═════ DATASET CONTENT
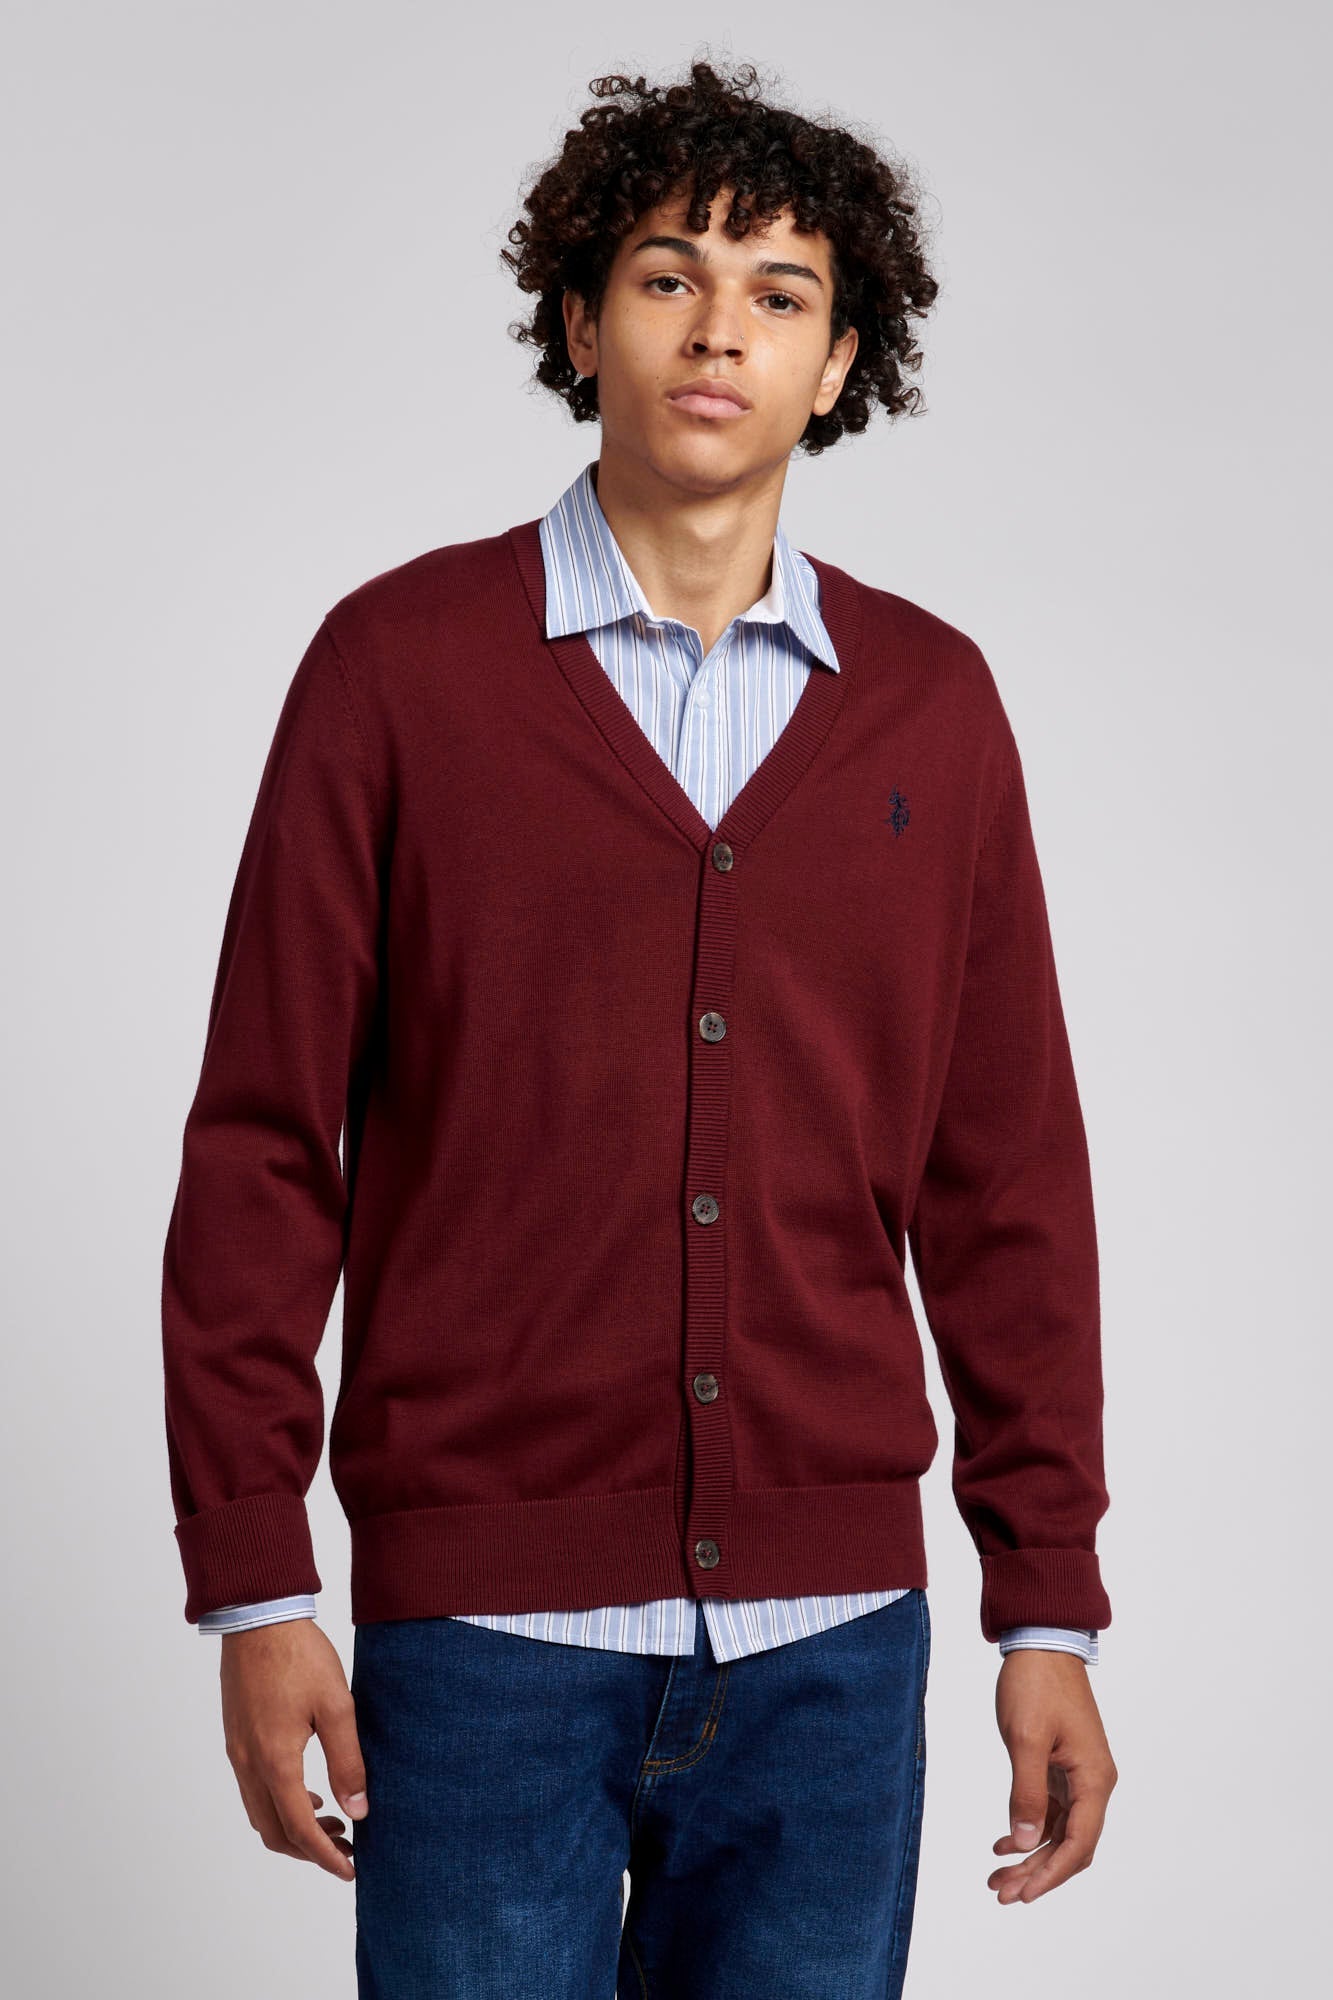 U.S. Polo Assn. Mens Knitted Cardigan in Windsor Wine
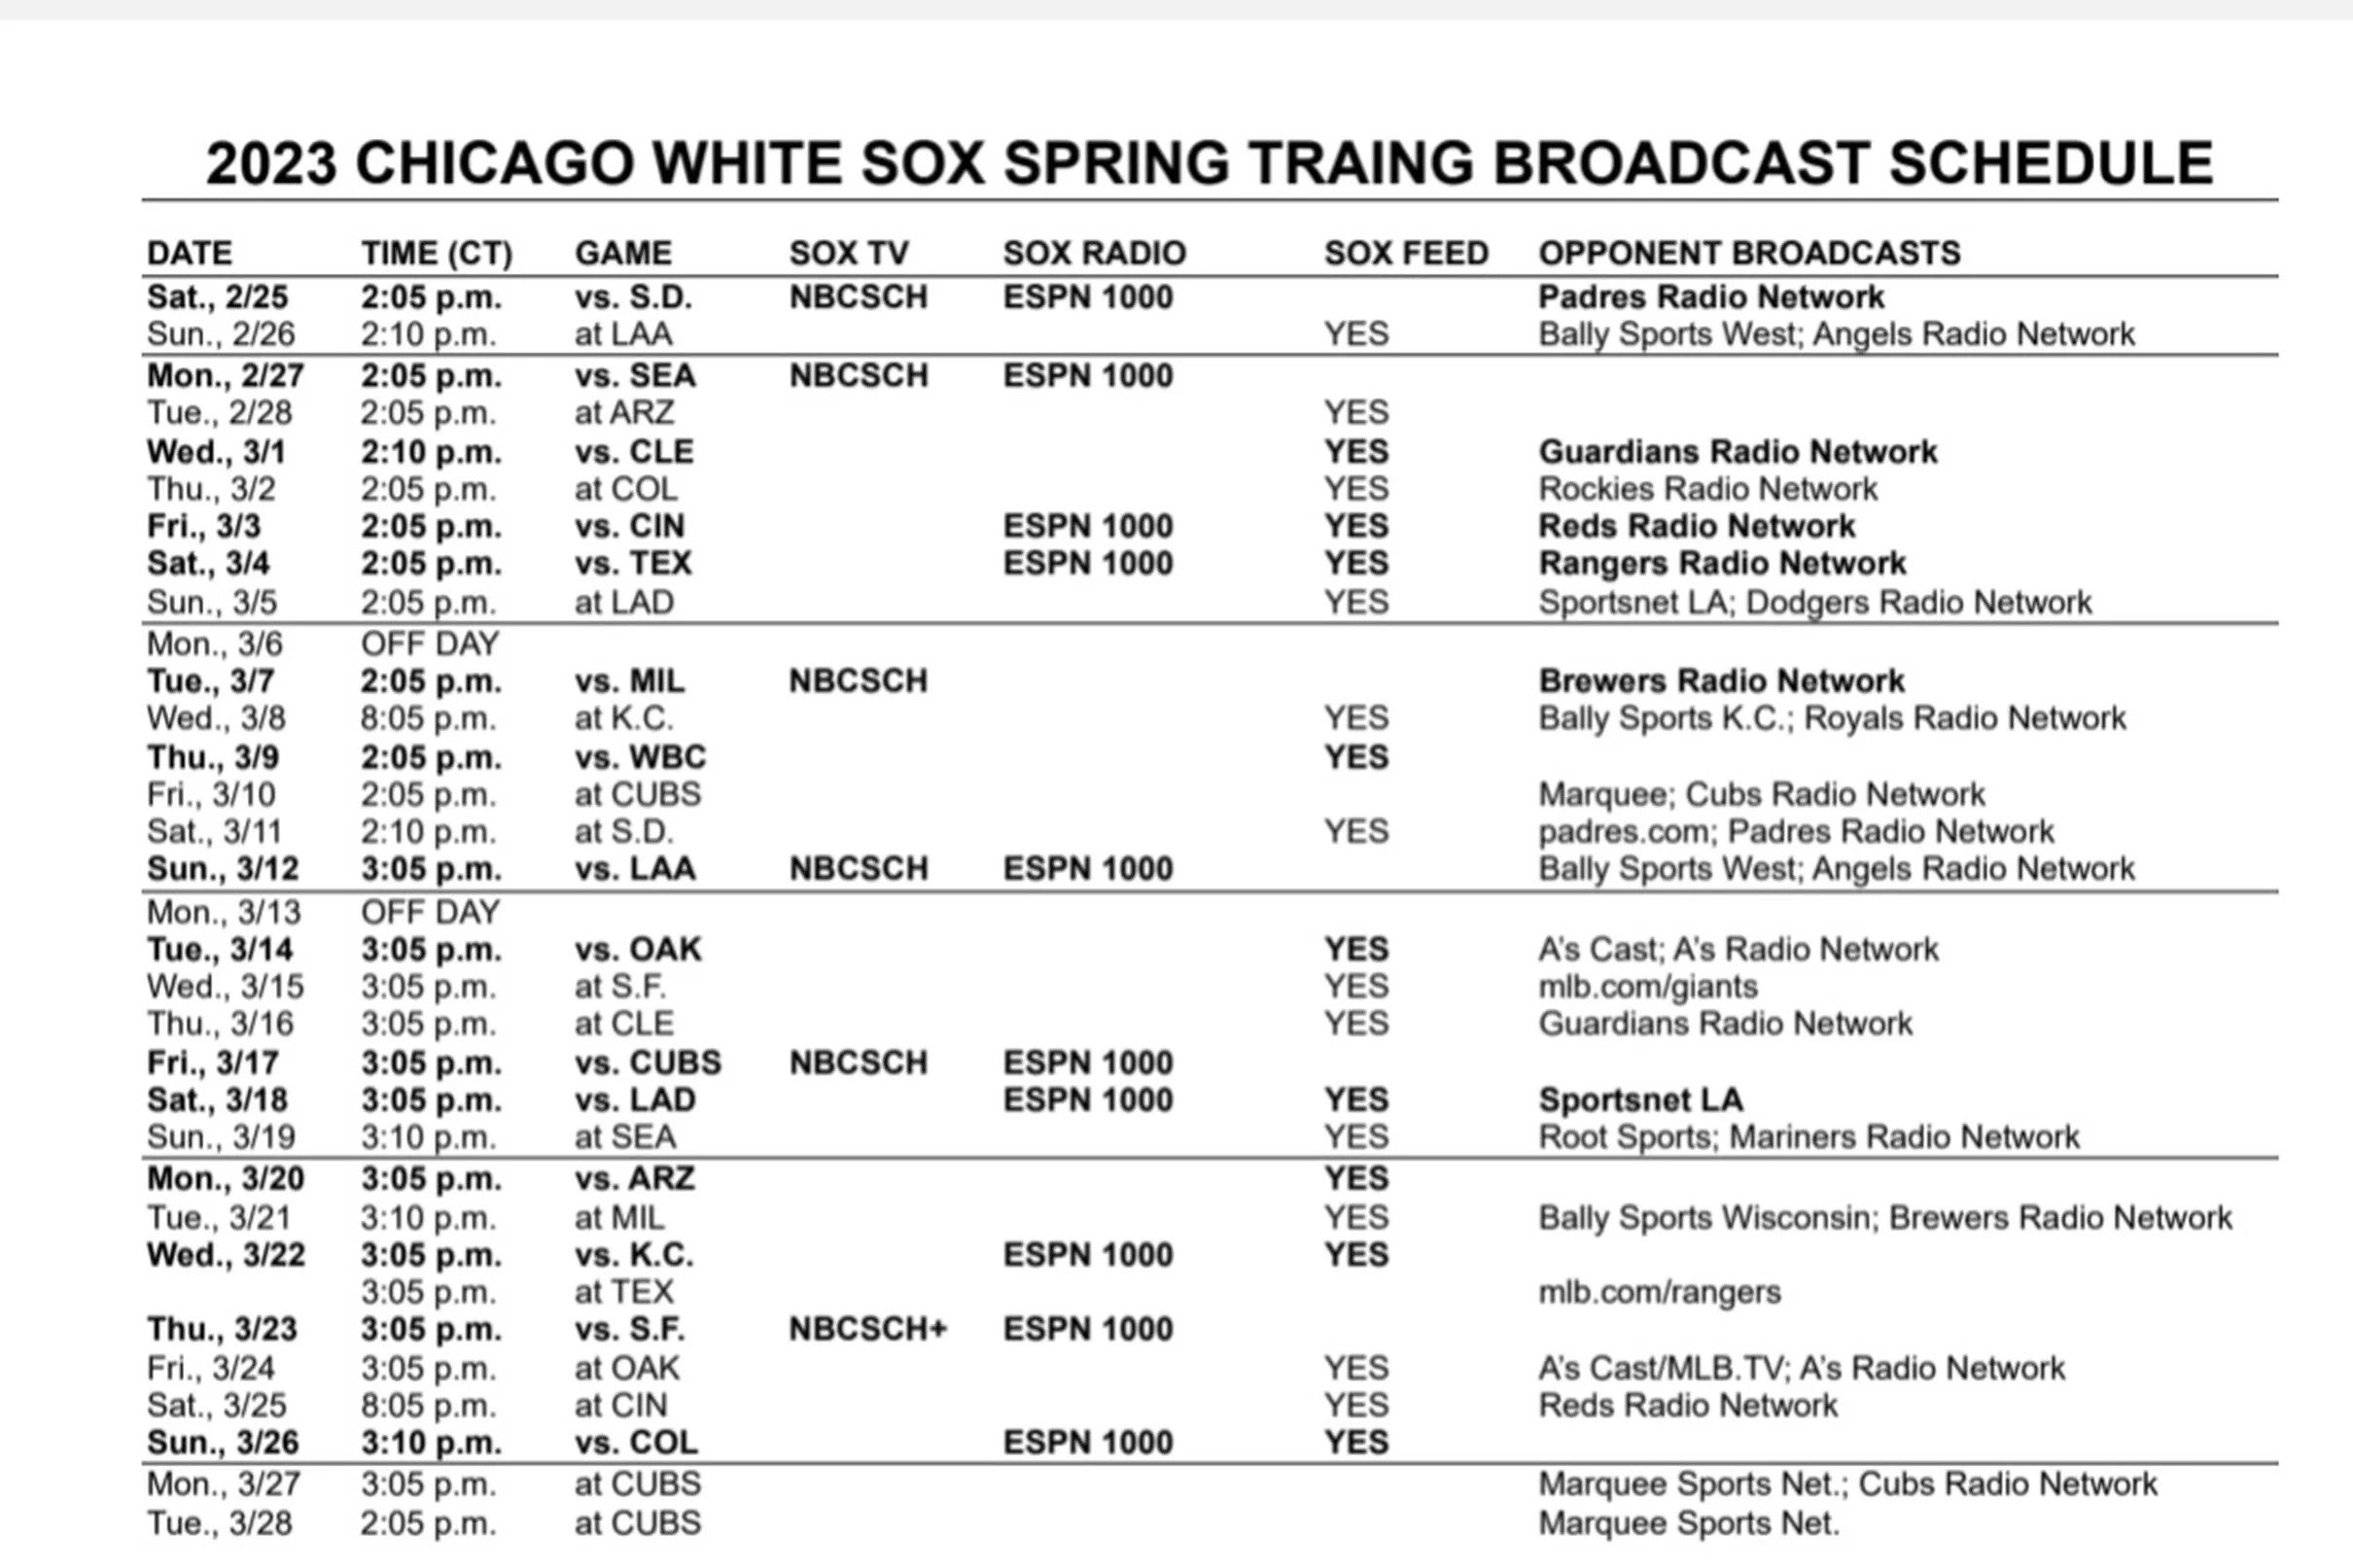 The 2023 White Sox Spring Training broadcast schedule
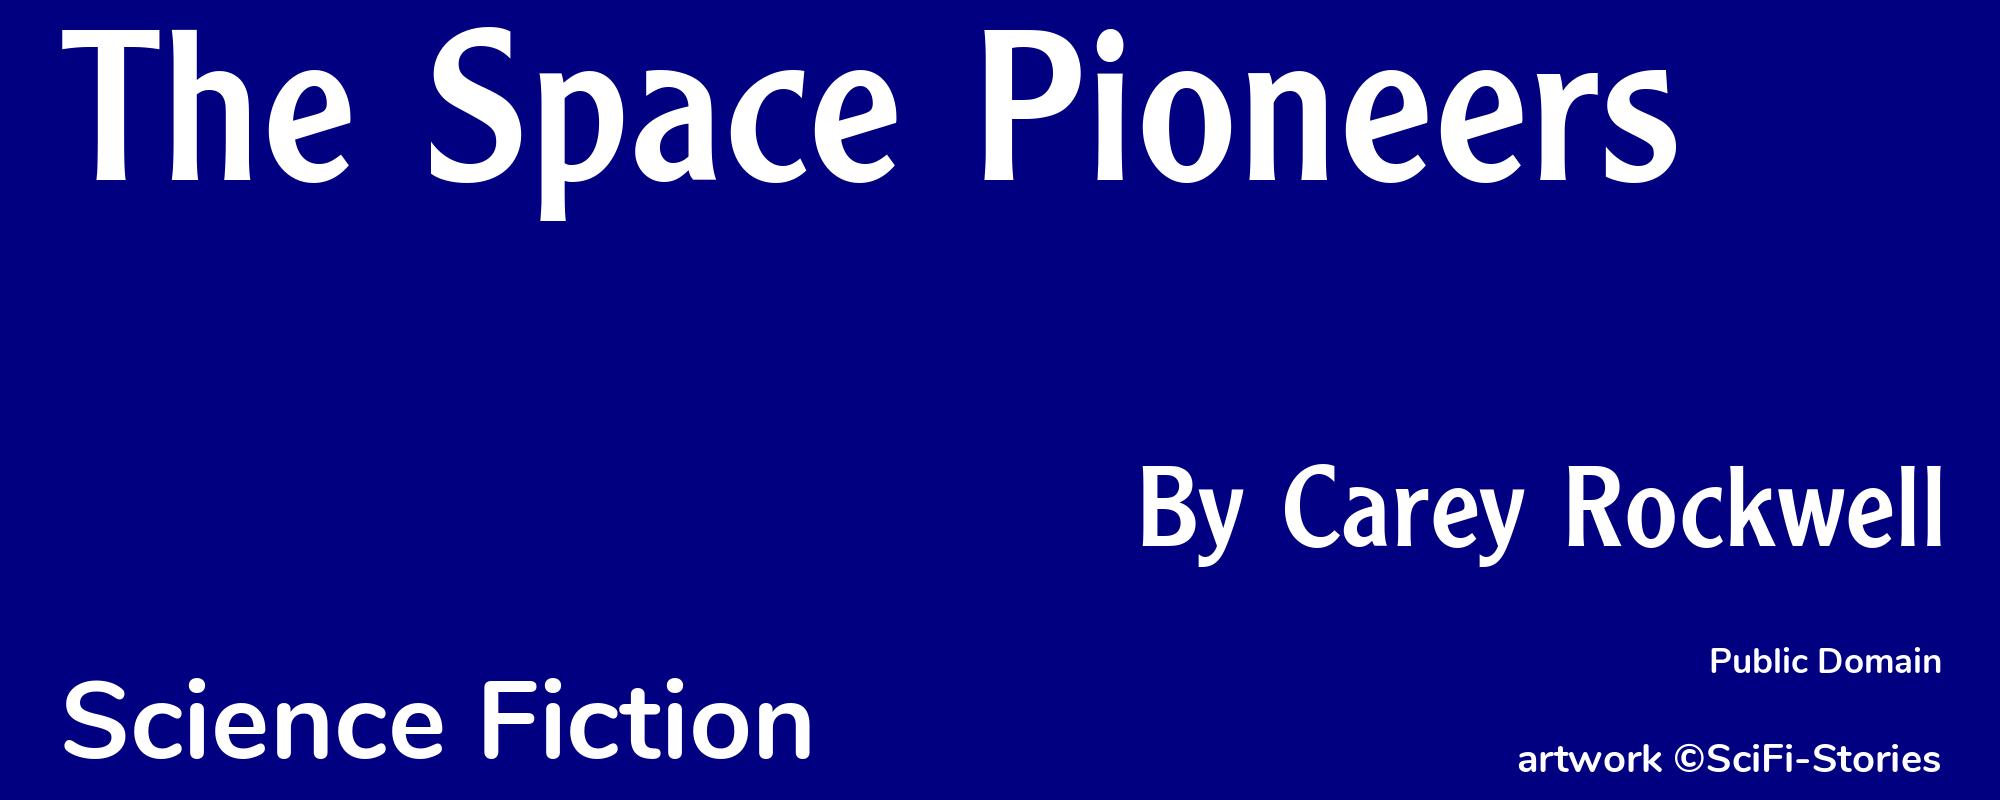 The Space Pioneers - Cover
══════════
• _WHAT IS EXPECTED_
Exact copy, no pictures: please print the data above once more.

• _SOLVED EXERCISE_
 U.S. Polo Assn. Mens Knitted Cardigan in Windsor Wine
 The 2023 White Sox Spring Training broadcast schedule
 The Space Pioneers - Cover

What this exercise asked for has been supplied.